You said you are looking for an apartment - the only apartments I know of are on the beach side of Las Marinas and seem to be a bit ghost-town like out of season and about a 10 minute walk to the village. Most of the properties in 'real Pobs' are villas or terraced houses and the village side of Las Marianas is a proper residential area with a wide range of nationalities - Spanish, German, Norwegian, Dutch, British are the ones we have met so far.

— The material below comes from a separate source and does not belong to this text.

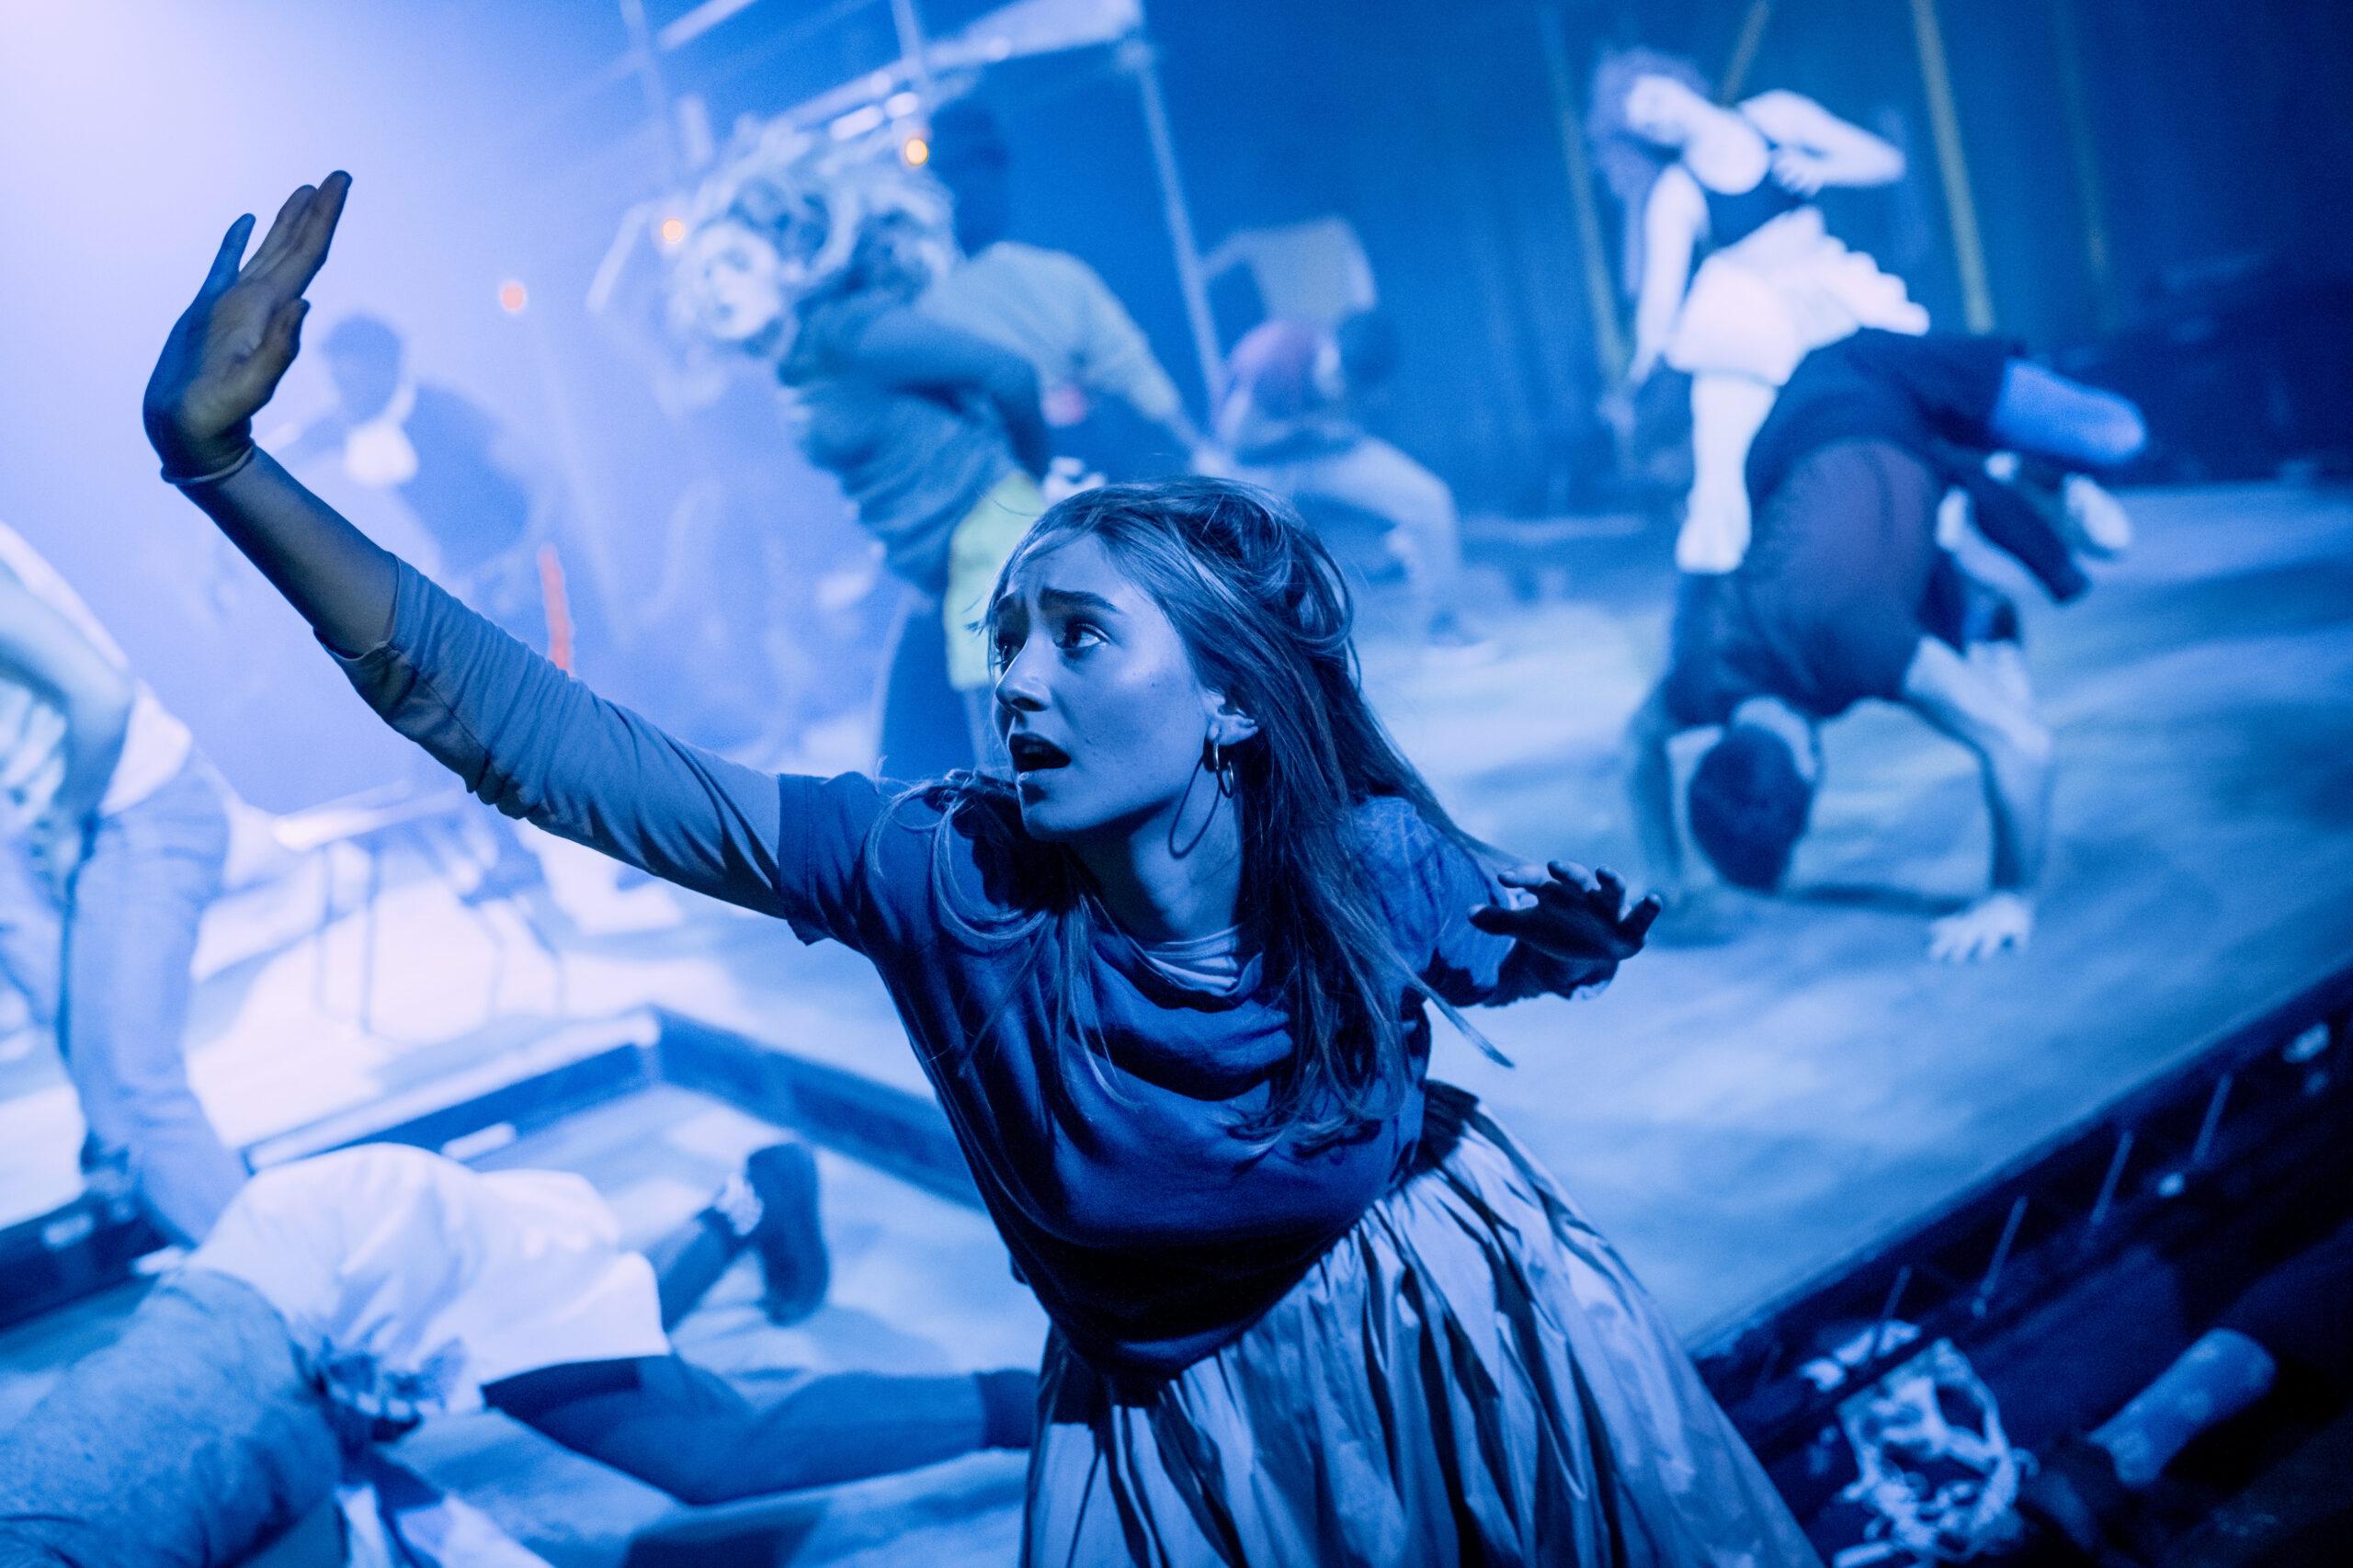 Guildhall School of Music & Drama / Mihaela Bodlovic

Jalon is lovely, only a thirty minute drive from here - and so, yes maybe t is too far from the beach, or if you are super-fit you could cycle, but there are a lot of mountains!


----------



## Lovemydogs (Aug 8, 2019)

Thank you Simon! Els Poblets sounds perfect. I will put that one on my list. Access to Denia via cycle path is great. When you live in the village of Els Poblets is it easy to walk to the beach?
Is it nice for holiday also for renting out?
Excuse for my bad English, I do speak but never write.

Tanx again, Rosa


----------



## Lovemydogs (Aug 8, 2019)

Simon, do you know the area Marina Alta, I saw a new apartment there sold by bank.
And Calle Marinas 8 km? Tanx! (Thanks ;-)


----------



## Simply Simon (Jan 18, 2019)

Lovemydogs said:


> Thank you Simon! Els Poblets sounds perfect. I will put that one on my list. Access to Denia via cycle path is great. When you live in the village of Els Poblets is it easy to walk to the beach?
> Is it nice for holiday also for renting out?
> Excuse for my bad English, I do speak but never write.
> 
> Tanx again, Rosa


Walk to the beach is easy, we do it every day. I don't know about rental, the pizza restaurant was full last night and they looked like tourists, but you'd need t check that out.

Marina Alta is the name for all round here Denia, Xabia, Calpe, Jalon, Els Poblets etc. I think Calle (les) Marinas is the road that runs from Denia to Devesses, about 10ks long, that's the 'beach side road where I said all the apartments are, some are nice, you really need to visit and see if you like it. If you base yourself in Denia you can check out the whole Marina Alta area. Some people want more action, different amenities, scenery etc.

Personally I don't see our house as an investment, it's our home, you might be better off looking in a more touristy area and you definitely need some advice from someone who knows about buying as an investment. Good luck.


----------



## Pesky Wesky (May 10, 2009)

Simply Simon said:


> Personally I don't see our house as an investment, it's our home, you might be better off looking in a more touristy area and you definitely need some advice from someone who knows about buying as an investment. Good luck.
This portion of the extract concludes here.